If I'm climbing a lot, 12- might go down in 4 or 5 runs, but 12 b/c might be a 6-8 week project, and that's if I can keep going week after week. Missing one or two weekends might be enough to throw off everything.
Would be interesting to see the data nonetheless. — Oct 27, 2015
I went through the 20 mid-12 climbs below one by one and eyeballed the rest of a list of 158 sport climbs 5.12a to 5.12d, and didn't see any evidence of systematic downrating of climbs in SQL3 vs MP. In the two downrated climbs below, one is some obscure undone route on that tower near the Troll Wall, and in the other the FA finished in one direction and subsequent climbers found another easier way to go.
I think there are quite a few sandbagged climbs on Mt Lemmon, but for me that's usually related to : 1) Being an older climb 2) Certain FAists who seem to always take off at least a letter grade (EFR isn't normally one of them). 3) Trad climbs where the time needed by the average person to stop and fiddle in gear isn't taken into account.
Maybe that wasn't the question that was asked, but it's the one that was more interesting for me to try to answer.
Sorry for the crappy formatting below.
1 Northern Tights 12 b/c-5.12
2 Metro 12 b/c-5.12
3 Cowpunks 12 b/c-5.12
4 Amanecer 12 b/c-5.12
5 Tsunami 12-5.12
6 Triple Stout 12-11+
7 Cres Sent 12-5.12
8 Special Brew 12-5.12
9 Slip Service 12-5.12
10 Prowler 12-5.12
11 OP 12-5.12
12 Organized Labor 12-5.12
13 Oedipus Complex 12-5.12
14 Montse, Donde Esta 12-5.12
15 Lion's Line 12-5.12
16 Left Route/Project 12-11+
17 Krymptonite 12-5.12
18 Johnny Rotten 12-5.12
19 Jailbreak 12-5.12
20 Huck Finn 12-5.12 — Oct 28, 2015
I was not comparing to MP at all.
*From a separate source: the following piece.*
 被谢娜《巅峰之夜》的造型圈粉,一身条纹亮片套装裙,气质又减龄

It just seems like I put up a lot more 12- routes than 12 or 12+. Which makes me wonder if I am sandbagging or the rock just tends to produce, for lack of a better word, more 12- climbing.
The rock here seem to have more 5.10 and 5.11 climbs than any other grade. Again I haven't run any data. — Oct 29, 2015
1Eric Rhicard wrote:Which makes me wonder if I am sandbagging or ...You sir, old friend and such, are a sandbagger.
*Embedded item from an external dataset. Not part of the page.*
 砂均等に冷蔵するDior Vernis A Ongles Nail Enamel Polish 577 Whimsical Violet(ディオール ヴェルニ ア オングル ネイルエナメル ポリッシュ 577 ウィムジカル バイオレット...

It's the sandbag of the elite climber. Weekend warriors just have to adapt to the area and how things are rated and understand who is doing the ratings and what's the bar set at.
And sport climbing introduces a whole new game.
BITD, ratings for things tended to be given based on an onsight attempt.
If Baxter fell off a route at Granite Mountain, it was considered 9+ because they couldn't climb 5.10 but by falling it was harder than 5.9
With sport routes, it's assumed that most people will work the routes until it's a "routine." Changing it to more like a gymnastics routine than like old school onsights which were driven more from a do not fall ethic and move fast in the mountains. Rock routes originally, for the most part, were training for the mountains, not an end into themselves. But things evolve.
Nothing wrong with either method, they're just what they are.
Just need to be as consistent as possible which my experience with your guides says you do pretty well. Any rating is always going to be unique to the individual anyway. — Nov 5, 2015
I hear you Paul. I definitely rate with beta which I think for these harder new routes is the way to do it.
If you are onsighting a route and happen to find the perfect sequence first try you say "that's not 11, it's more like 10+".
On the other hand, and this happens a lot on the Lemmon, you misread a sequence or miss a hard to see hold you say "wow what a sandbag"!
Mt Lemmon can be pretty cryptic making it especially hard to onsight some many of the climbs.
I have done a route two or three different ways only to find the last the easiest.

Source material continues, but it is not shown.